Do you feel so alone..

I hate feeling alone. Life losing it’s color, the light fading. I’m so tired of trying. I don’t wanna try anymore, I want to give up. Life would be easier if I just gave up.

Because let’s face it, my life is a lie, everything I know is a lie. My actions are a lie.

Giving up just  brings me closer to who I am at core.

I don’t wanna smile, I don’t wanna be productive, I just wanted to feel ok, but I can’t, nothing is ok. Not now, not ever.

I wanted life to make sense!! I wanted it to line up in a pretty row for me! A to B!!!!!!! But it didn’t!! Life had to be complex!! It had to be all the fucking curly cues and dotted lines and everything’s a mess!! It’s not black and white, easy to read, it’s grey!! CAN YOU BELIEVE IT?? GREY!!! THAT’S NOT EASY TO FIGURE OUT!!!

I wanted life to be easy, to be simple, abc, 123, yet it’s not, far from it. It’s like a fucking rubix cube but the fucking colors don’t even match, some are missing!! That’s LIFE!! WHAT THE FUCK!!!!!!!!!

I didn’t ask for this life, I wanted an EASY LIFE!!!!!!!!! I WANTED A LIFE THAT MADE SENSE!!!!!!

I can’t stand this world, this life. I can’t fake it away, I can’t lie my way out of it. I can’t escape.

I can’t control this life. I can’t play this game. I am a bi-standard in my own “life”, too scared to play. Too scared to be real. I’m fake, so fake it’s stupid. I can’t tell you what is what, I’ve lived too close to my lie, so much so my mask became who I thought I was. I couldn’t make it on my own, things didn’t make sense. I wanted things in a special order, and I couldn’t have that.

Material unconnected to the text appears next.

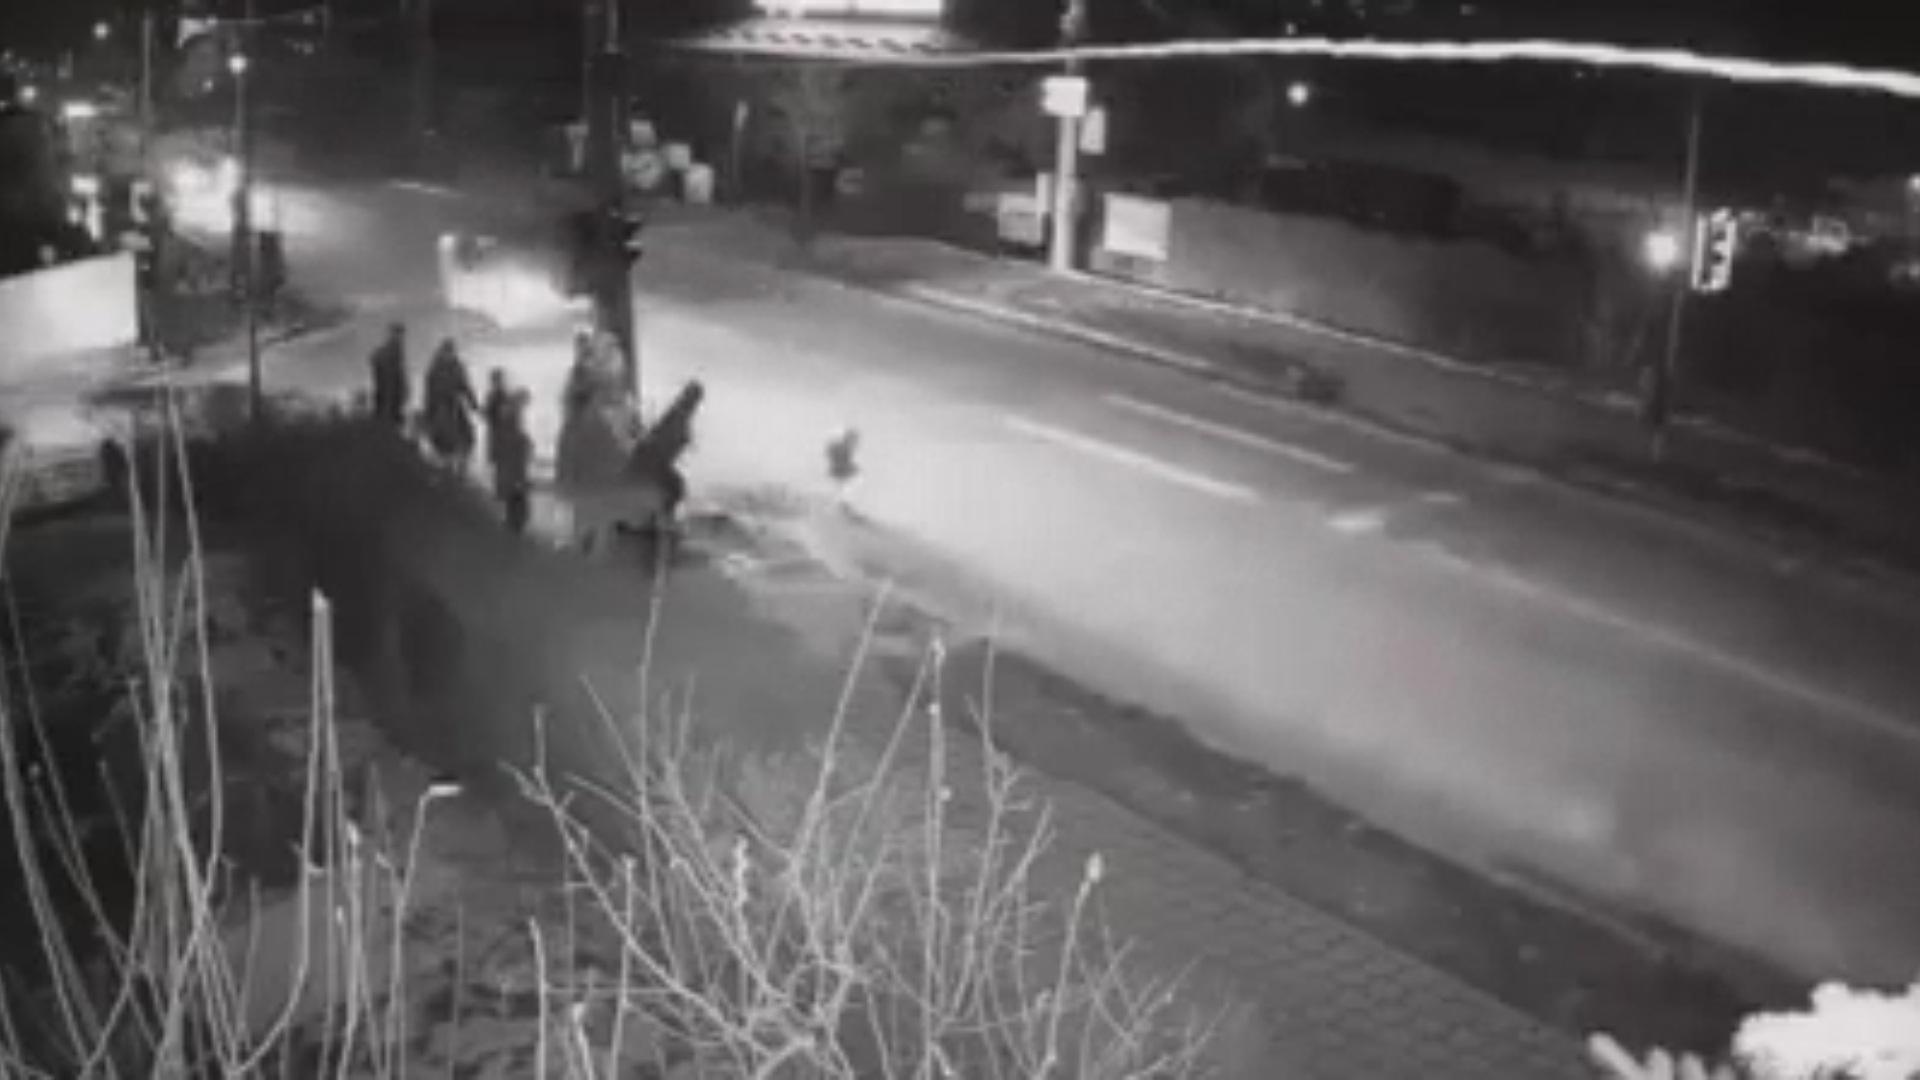 Video: Copil spulberat de o mașină în Suceava! Atenție, imagini cu puternic impact emoțional!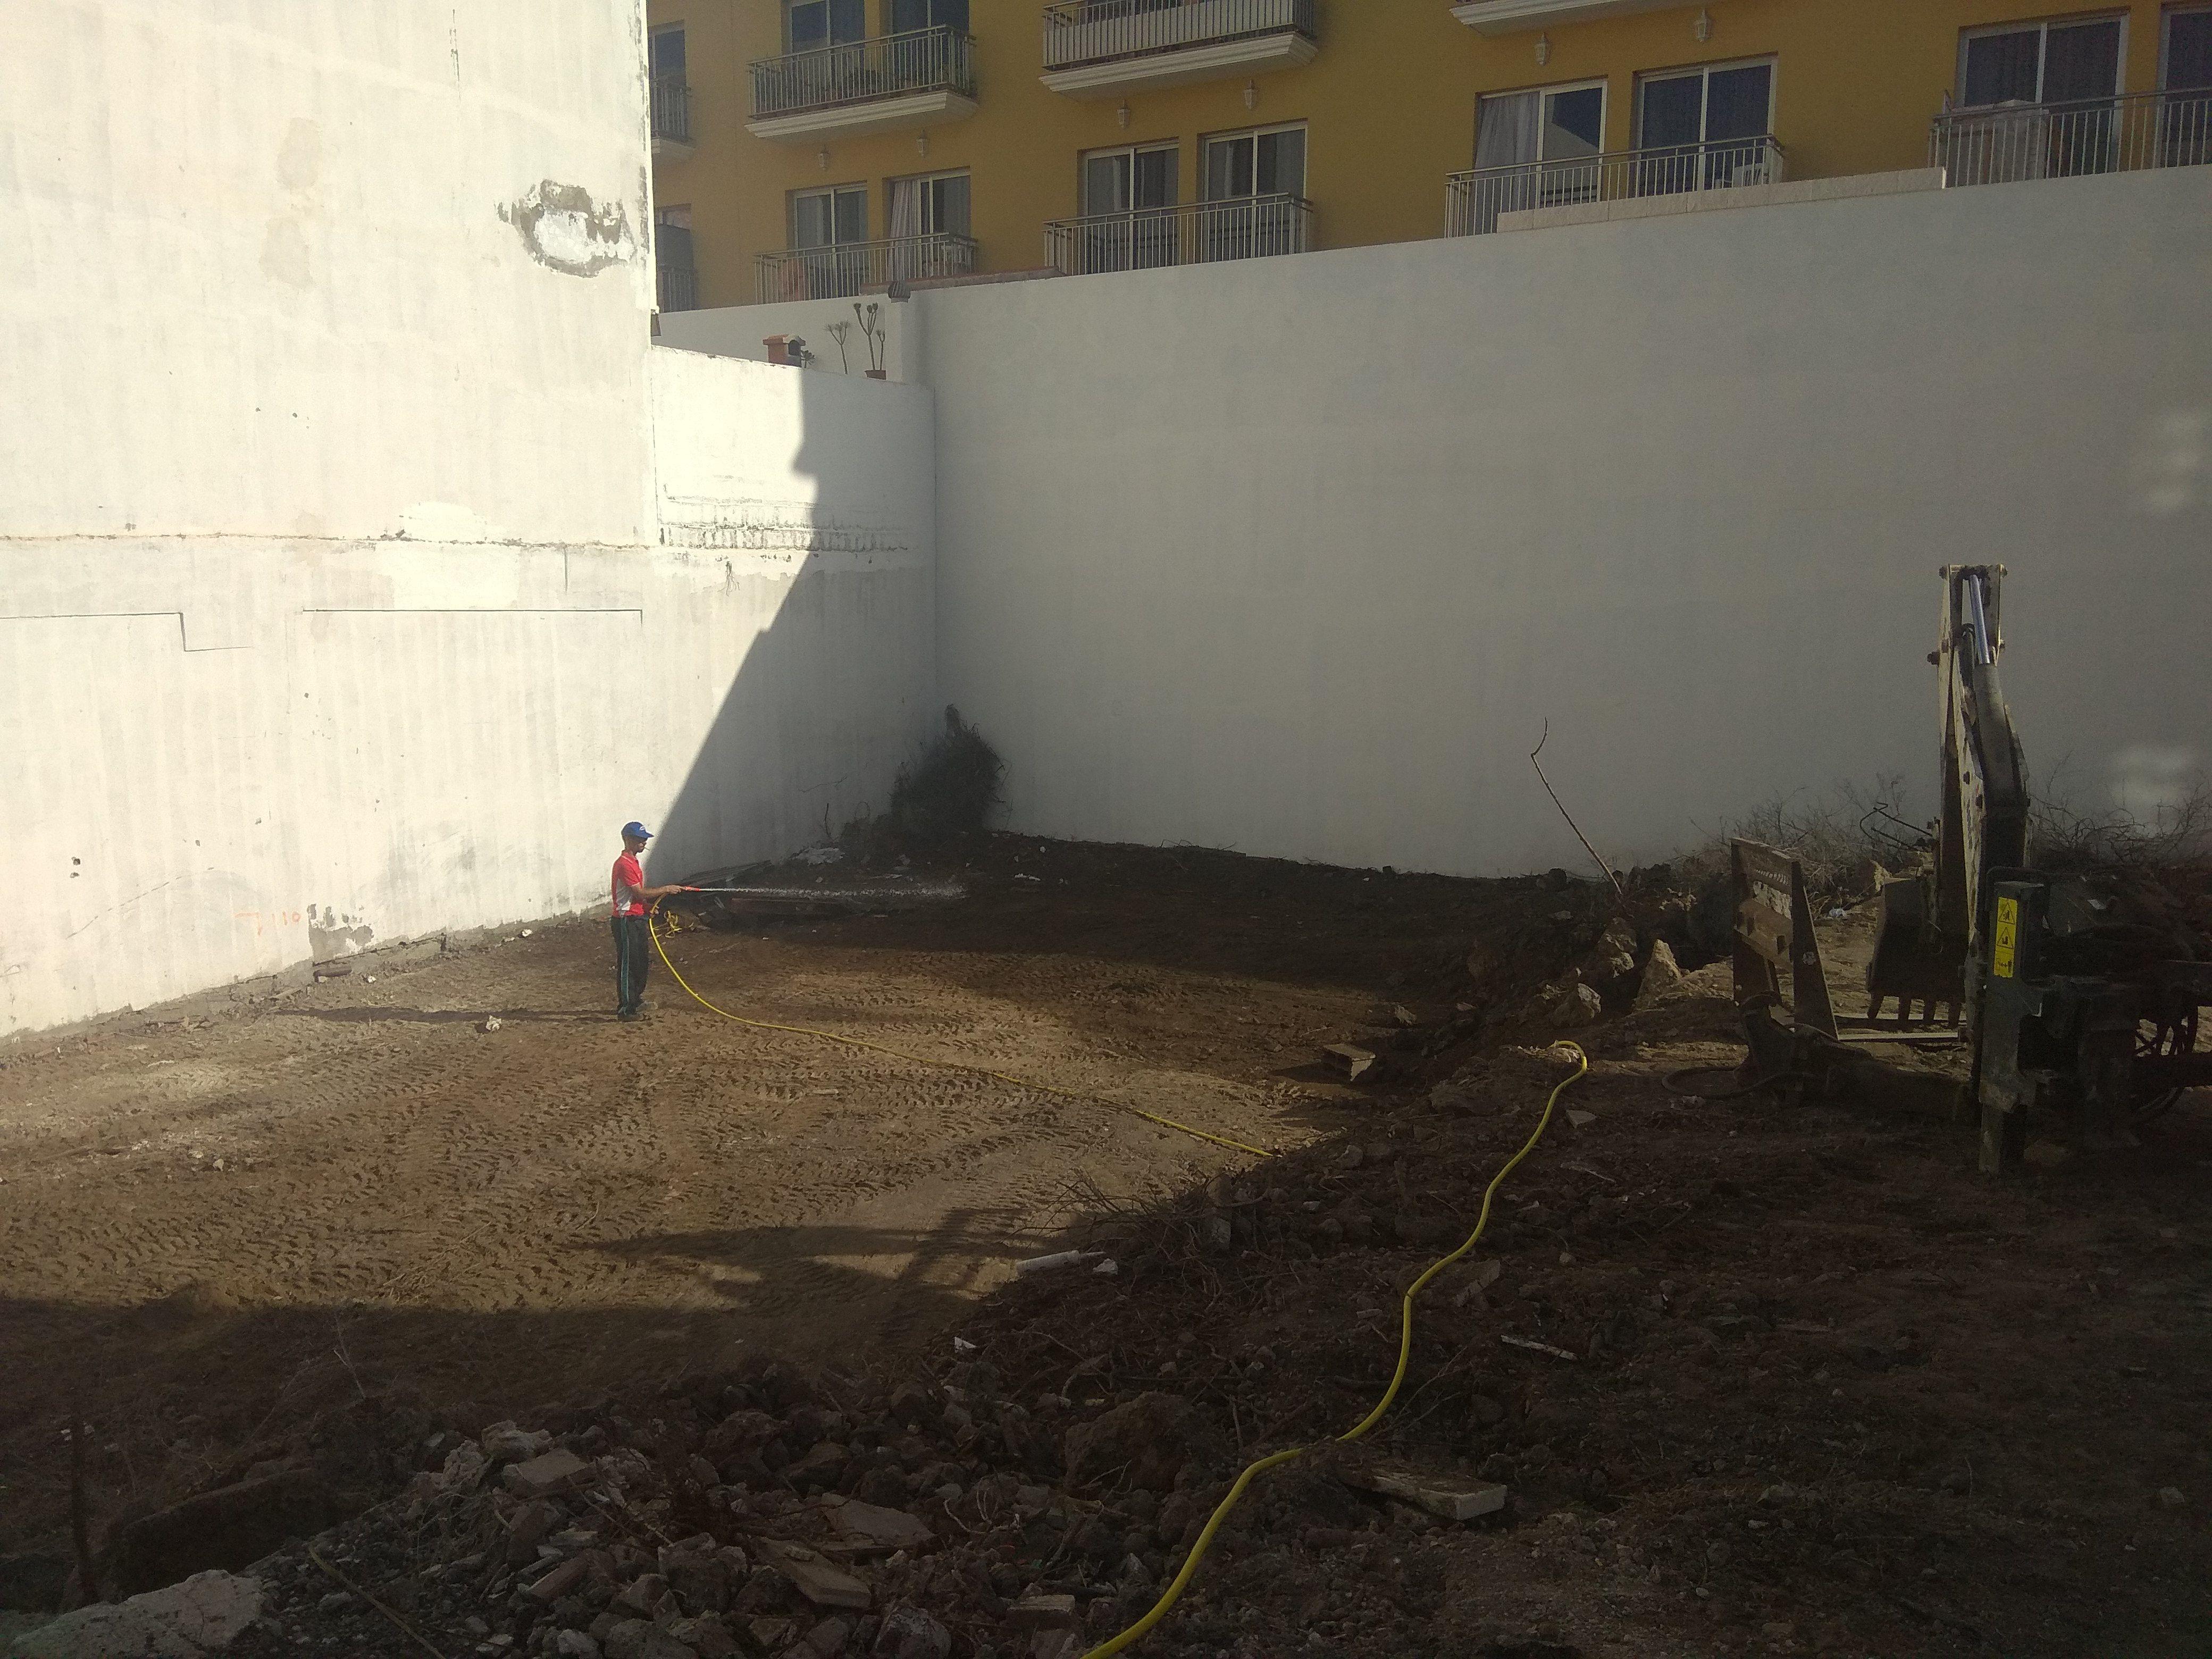 Realizamos proyectos de obra nueva

I made my way through life with a guise trying to beguile people into thinking I was a good person, so I’d not be hurt. To fool them and myself I guess. I couldn’t take reality so I had to make another one. The deception runs deep, too deep. I worry, I wonder..

I don’t wanna do the right thing, I don’t wanna follow any rule, I just wanna do what ever the fuck I wanna do. The end.